What you are asked to do: All lines from the one containing "Đà Nẵng: Phong" to the final line of the material should be retyped exactly. Nothing else belongs in the response.

Provided records:
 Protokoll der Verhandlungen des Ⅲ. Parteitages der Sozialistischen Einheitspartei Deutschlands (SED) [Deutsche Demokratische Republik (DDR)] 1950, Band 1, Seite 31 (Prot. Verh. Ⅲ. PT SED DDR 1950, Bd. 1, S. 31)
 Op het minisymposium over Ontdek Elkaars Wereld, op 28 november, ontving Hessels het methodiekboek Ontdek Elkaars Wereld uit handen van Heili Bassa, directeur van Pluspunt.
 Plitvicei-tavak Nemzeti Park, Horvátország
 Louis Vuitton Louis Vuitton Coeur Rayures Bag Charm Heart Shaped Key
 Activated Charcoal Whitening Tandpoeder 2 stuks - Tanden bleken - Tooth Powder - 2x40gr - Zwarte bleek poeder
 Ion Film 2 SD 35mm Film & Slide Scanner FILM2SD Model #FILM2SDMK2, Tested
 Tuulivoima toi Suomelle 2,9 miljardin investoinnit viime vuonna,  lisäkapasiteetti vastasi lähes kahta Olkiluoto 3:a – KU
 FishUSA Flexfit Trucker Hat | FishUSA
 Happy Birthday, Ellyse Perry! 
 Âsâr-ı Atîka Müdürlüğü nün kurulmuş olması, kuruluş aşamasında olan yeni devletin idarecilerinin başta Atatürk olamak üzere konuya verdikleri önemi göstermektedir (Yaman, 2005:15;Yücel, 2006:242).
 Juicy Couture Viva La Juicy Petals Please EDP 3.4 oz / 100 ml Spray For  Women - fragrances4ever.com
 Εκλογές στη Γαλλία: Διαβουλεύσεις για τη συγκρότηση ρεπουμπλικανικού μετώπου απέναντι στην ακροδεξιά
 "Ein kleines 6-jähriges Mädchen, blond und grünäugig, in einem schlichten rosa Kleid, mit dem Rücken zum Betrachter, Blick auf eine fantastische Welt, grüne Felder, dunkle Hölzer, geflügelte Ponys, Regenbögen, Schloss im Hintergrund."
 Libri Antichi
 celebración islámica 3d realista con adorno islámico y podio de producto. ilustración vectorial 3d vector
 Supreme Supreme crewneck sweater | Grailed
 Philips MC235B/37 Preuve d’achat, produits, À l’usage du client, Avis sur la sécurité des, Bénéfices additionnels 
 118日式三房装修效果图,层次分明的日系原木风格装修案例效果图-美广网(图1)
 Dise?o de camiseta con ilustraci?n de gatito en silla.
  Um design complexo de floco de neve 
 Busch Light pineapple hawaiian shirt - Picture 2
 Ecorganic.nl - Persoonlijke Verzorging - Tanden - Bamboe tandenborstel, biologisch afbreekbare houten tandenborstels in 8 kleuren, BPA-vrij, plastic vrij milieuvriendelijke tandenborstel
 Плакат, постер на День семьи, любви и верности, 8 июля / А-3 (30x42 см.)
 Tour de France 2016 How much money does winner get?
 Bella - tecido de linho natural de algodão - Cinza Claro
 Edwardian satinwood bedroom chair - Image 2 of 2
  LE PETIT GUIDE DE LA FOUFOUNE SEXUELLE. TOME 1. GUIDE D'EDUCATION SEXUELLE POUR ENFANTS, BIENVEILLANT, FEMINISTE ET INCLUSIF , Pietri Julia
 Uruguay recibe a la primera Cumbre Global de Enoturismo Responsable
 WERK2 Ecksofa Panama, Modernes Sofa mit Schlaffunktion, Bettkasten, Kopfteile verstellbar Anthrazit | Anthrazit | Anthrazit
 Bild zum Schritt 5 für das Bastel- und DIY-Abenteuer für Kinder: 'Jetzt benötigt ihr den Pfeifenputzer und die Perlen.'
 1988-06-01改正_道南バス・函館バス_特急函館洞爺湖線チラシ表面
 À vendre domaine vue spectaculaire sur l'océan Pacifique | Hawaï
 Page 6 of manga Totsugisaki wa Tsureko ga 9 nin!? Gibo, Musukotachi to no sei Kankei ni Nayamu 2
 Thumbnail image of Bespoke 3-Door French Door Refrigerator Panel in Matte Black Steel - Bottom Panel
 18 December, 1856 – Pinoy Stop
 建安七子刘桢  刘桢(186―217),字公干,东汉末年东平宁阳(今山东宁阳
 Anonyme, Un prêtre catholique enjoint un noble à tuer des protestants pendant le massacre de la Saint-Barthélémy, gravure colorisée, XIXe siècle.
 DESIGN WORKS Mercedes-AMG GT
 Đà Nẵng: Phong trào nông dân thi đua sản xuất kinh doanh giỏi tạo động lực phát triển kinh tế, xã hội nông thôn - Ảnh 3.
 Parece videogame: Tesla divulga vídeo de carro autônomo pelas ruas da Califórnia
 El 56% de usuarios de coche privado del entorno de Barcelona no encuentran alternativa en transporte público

Answer to this problem:
 Đà Nẵng: Phong trào nông dân thi đua sản xuất kinh doanh giỏi tạo động lực phát triển kinh tế, xã hội nông thôn - Ảnh 3.
 Parece videogame: Tesla divulga vídeo de carro autônomo pelas ruas da Califórnia
 El 56% de usuarios de coche privado del entorno de Barcelona no encuentran alternativa en transporte público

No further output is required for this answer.